Conservation from the Sky

The wonderful world of nonprofits is, for me, a never-ending series of exhilarating challenges. I go to work every day and know I’m helping to make a difference. The best days are when I get to take field trips, and the best of those best days are spent in a tiny plane with our good friends at LightHawk.

We are very lucky to partner with LightHawk – they provide flights to environmental nonprofits thanks to the generosity of their pilots, who donate their time, resources, and their aircraft. Their mission is simple: We fly to save the Earth.

Usually when I’m trying to summarize what LightHawk does I reference the first image on their website – a wolf puppy. I am not exaggerating at all when I say I cannot think of a cooler assignment than transporting wolf puppies. Their scope of work goes beyond puppy transport, of course. They allow nonprofits like Sonoran Institute to see conservation projects from the air, granting a hugely expanded perspective to people like me. LightHawk is filling an important niche that isn’t usually front and center in conservation, but is still critical: people can’t help you if they don’t know what you’re doing.

In a lot of ways, that is the core task of my job. I specialize in figuring out how to communicate our mission to people in a way that will get them excited to do their bit for conservation. So when I was told I was going to fly in a tiny plane over the Santa Cruz River, I knew it was a great opportunity to see something that I can share with our supporters.

Together with Sarah, our Development Manager, one of our resident Santa Cruz River experts, Jason, and our incredibly-talented-at-flying-smoothly pilot Greg, we followed the Santa Cruz all the way down to the border. Starting at Ryan Airfield on the southwest edge of Tucson, Greg’s zippy Cessna C172 took off and shuttled us south. It only took about half an hour to reach Nogales, which is a city on both sides of the wall.
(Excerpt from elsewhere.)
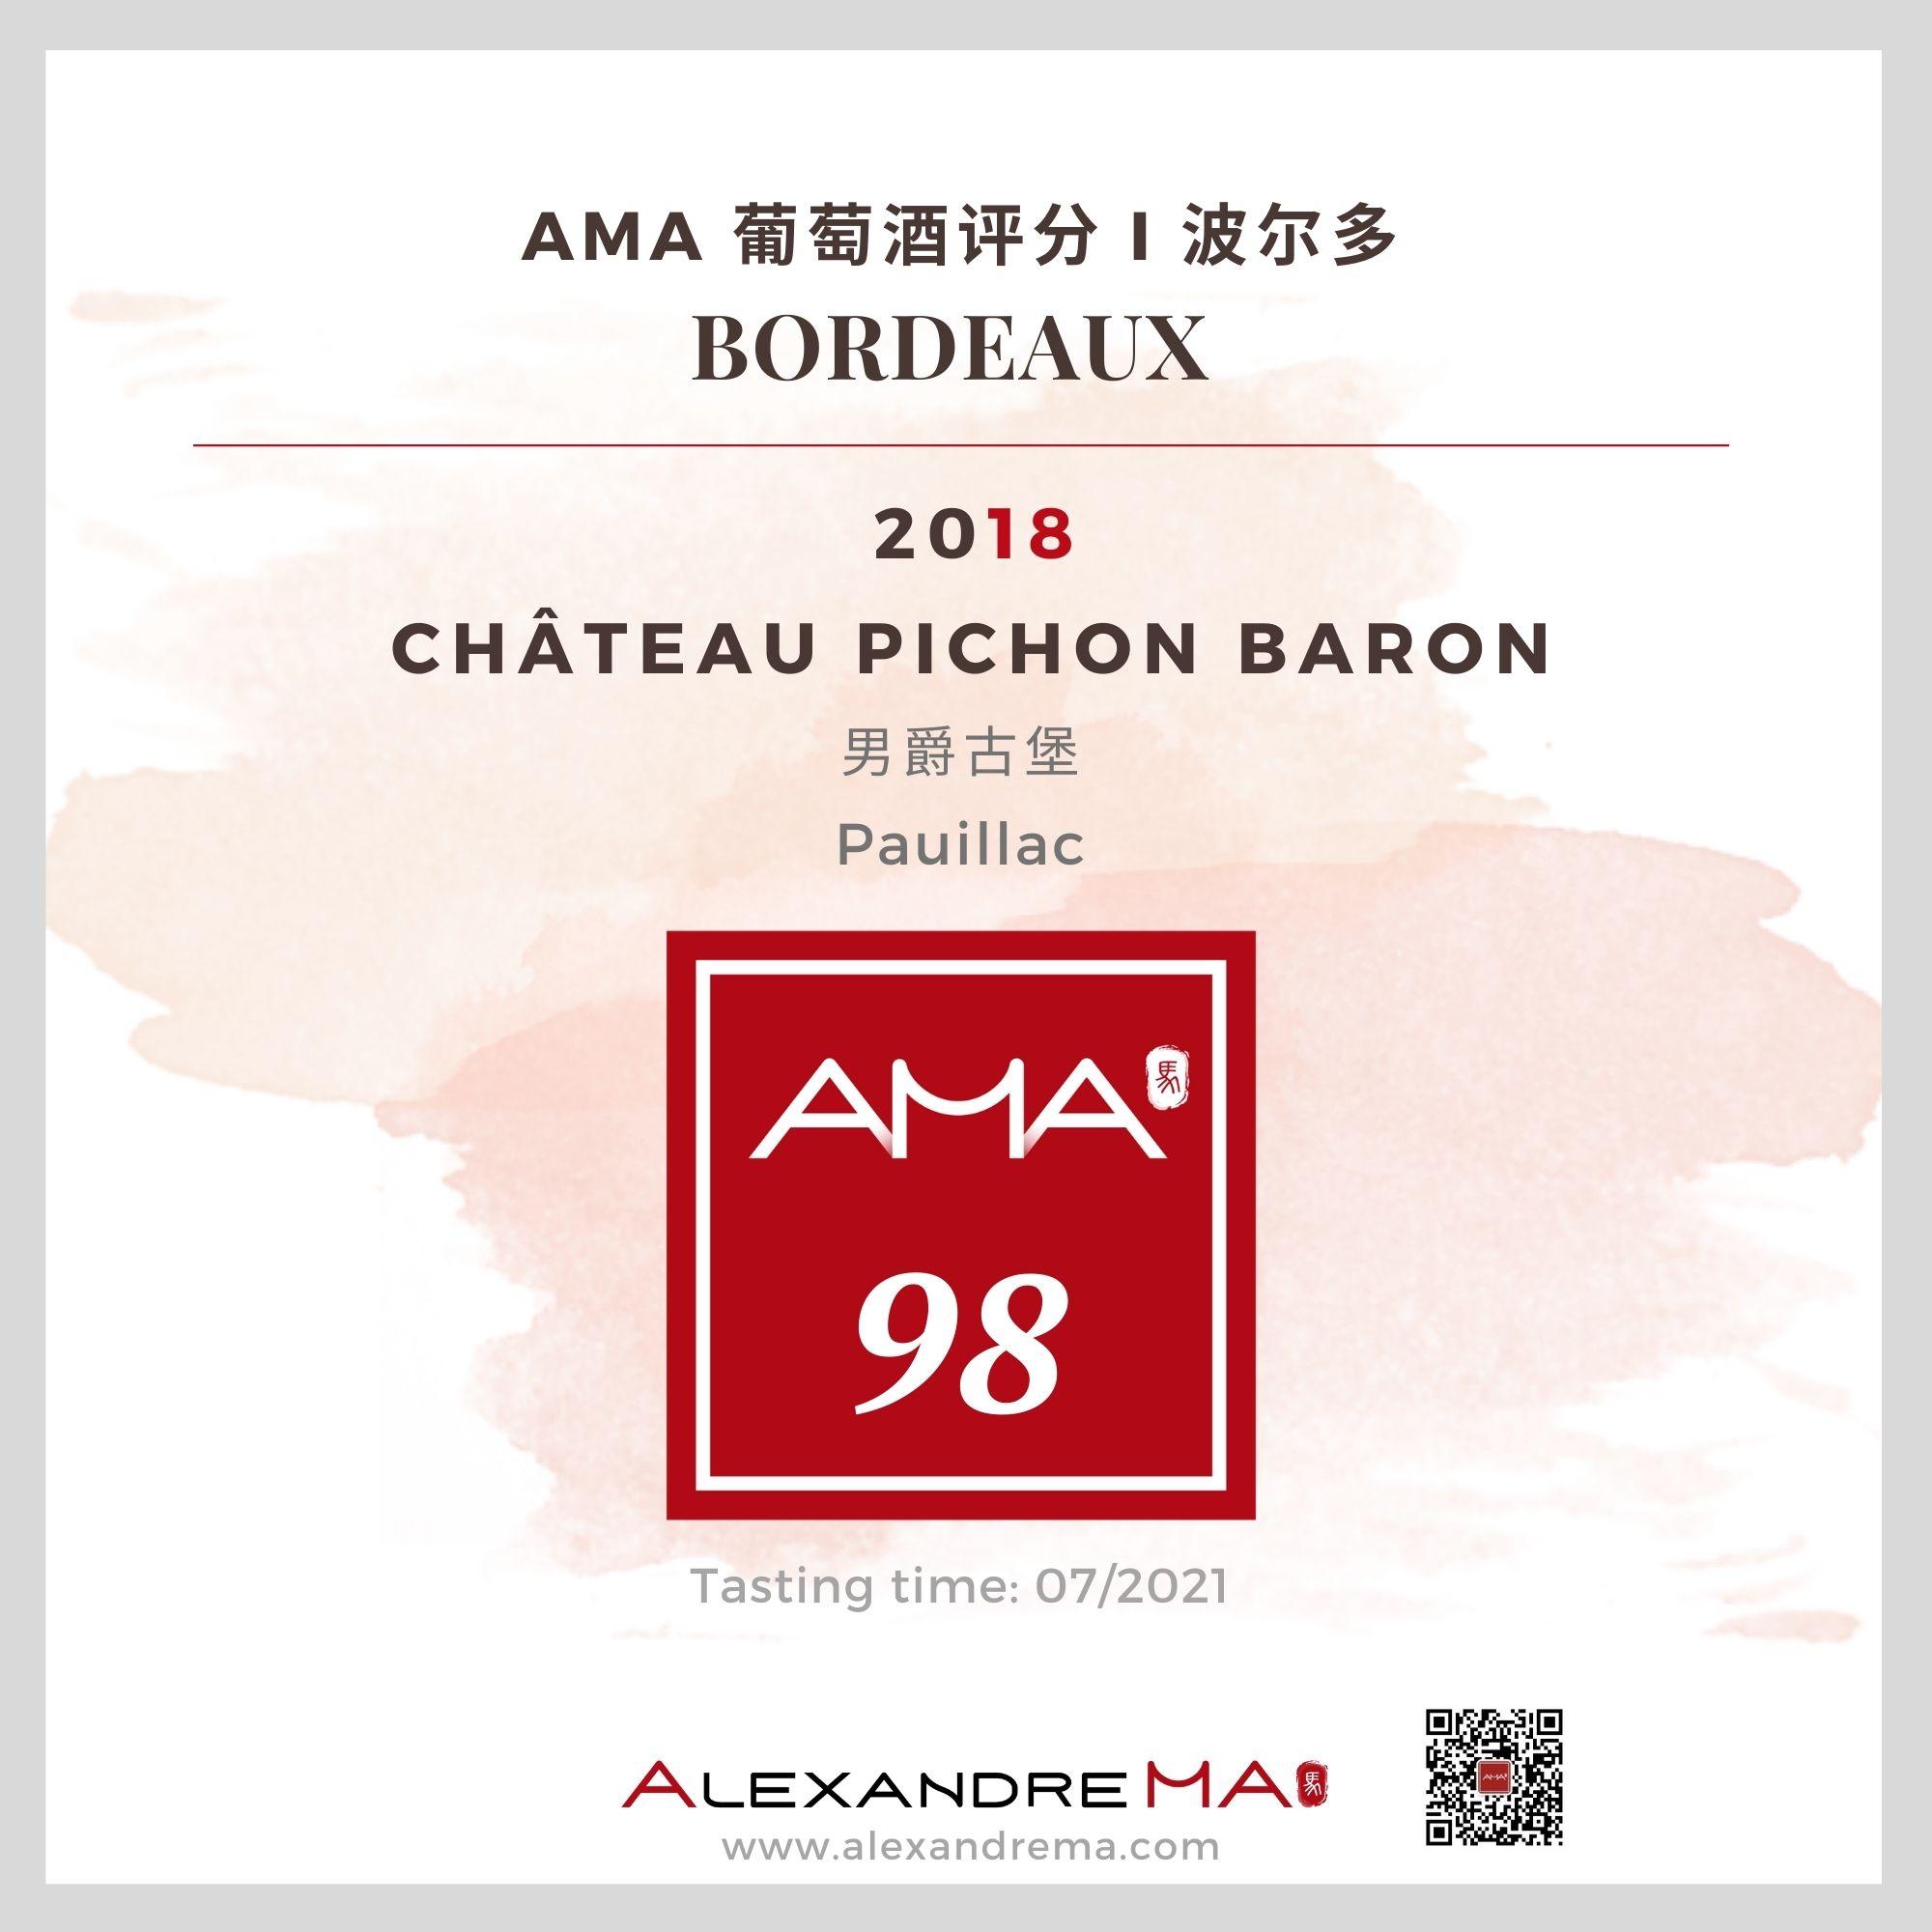 Château Pichon Baron 2018 - Alexandre MA

Once we arrived, we got an excellent bird’s-eye perspective of the new head-waters of the Upper Santa Cruz River – the international wastewater treatment plant in Nogales. Over 10 years ago, Sonoran Institute helped make the case for updating the plant because the water quality in the river had reached such a low point that trees along the river were dying in long stretches. That upgrade resulted in cleaner wastewater being released and sent up the river to restore riparian habitats and reverse the die off. That day in the plane, it was astounding to see actual flowing water in the river – it’s always been just a dry river bed to me. It also was helpful to see just how unremarkable the border is as a geographic landmark. The river just…keeps going without regard to international boundaries.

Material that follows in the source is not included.